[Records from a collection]
══════
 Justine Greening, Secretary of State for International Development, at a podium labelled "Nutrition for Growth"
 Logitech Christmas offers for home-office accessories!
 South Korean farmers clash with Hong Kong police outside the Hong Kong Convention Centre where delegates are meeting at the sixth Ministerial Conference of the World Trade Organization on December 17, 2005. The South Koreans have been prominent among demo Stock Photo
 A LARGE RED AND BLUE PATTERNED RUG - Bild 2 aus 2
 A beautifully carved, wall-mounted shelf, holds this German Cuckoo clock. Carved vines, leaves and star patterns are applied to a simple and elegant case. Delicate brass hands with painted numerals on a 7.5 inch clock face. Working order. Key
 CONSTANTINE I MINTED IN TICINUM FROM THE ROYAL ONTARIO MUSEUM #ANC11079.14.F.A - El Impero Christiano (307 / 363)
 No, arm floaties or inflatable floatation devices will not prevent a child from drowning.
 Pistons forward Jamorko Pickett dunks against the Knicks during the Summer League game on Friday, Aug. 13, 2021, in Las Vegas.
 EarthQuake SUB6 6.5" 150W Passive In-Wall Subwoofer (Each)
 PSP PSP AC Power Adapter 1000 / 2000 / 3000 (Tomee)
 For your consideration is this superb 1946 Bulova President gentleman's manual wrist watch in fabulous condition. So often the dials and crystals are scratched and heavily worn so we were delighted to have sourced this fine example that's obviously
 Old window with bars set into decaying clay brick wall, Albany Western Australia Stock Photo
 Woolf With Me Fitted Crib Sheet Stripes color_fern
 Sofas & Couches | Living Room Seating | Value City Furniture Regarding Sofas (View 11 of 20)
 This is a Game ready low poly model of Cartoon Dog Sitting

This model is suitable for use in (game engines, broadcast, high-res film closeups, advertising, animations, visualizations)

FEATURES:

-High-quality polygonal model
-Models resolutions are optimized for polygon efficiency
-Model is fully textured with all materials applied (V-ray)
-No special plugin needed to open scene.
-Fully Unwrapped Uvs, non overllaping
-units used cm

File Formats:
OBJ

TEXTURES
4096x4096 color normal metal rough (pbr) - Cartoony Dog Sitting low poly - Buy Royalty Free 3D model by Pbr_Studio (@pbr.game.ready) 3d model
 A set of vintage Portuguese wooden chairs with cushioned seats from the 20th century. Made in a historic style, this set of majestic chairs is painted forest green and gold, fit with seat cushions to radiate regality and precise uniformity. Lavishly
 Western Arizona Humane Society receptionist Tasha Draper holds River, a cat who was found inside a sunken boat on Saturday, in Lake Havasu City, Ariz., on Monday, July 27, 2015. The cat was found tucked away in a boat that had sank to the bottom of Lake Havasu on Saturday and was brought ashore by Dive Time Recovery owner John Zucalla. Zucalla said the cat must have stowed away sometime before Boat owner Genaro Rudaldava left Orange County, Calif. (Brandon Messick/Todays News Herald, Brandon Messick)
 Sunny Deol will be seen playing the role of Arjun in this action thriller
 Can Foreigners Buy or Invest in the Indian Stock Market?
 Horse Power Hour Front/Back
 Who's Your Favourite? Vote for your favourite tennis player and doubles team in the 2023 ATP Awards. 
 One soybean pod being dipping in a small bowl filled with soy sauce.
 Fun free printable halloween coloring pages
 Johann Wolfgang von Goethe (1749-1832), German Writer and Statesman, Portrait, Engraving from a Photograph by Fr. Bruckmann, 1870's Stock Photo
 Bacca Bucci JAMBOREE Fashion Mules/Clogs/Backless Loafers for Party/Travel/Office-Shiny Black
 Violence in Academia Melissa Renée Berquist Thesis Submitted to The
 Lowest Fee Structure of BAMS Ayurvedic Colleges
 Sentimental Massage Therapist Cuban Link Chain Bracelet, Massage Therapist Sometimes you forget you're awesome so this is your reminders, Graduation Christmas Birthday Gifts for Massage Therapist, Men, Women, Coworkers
══════
EXERCISE:
Your task for the entries above: copy exactly the span starting with the line with "-Fully Unwrapped Uvs, non overllaping" and going on through the line with "4096x4096 color normal", both lines included, and nothing else.

OUTPUT OF THE EXERCISE:
-Fully Unwrapped Uvs, non overllaping
-units used cm

File Formats:
OBJ

TEXTURES
4096x4096 color normal metal rough (pbr) - Cartoony Dog Sitting low poly - Buy Royalty Free 3D model by Pbr_Studio (@pbr.game.ready) 3d model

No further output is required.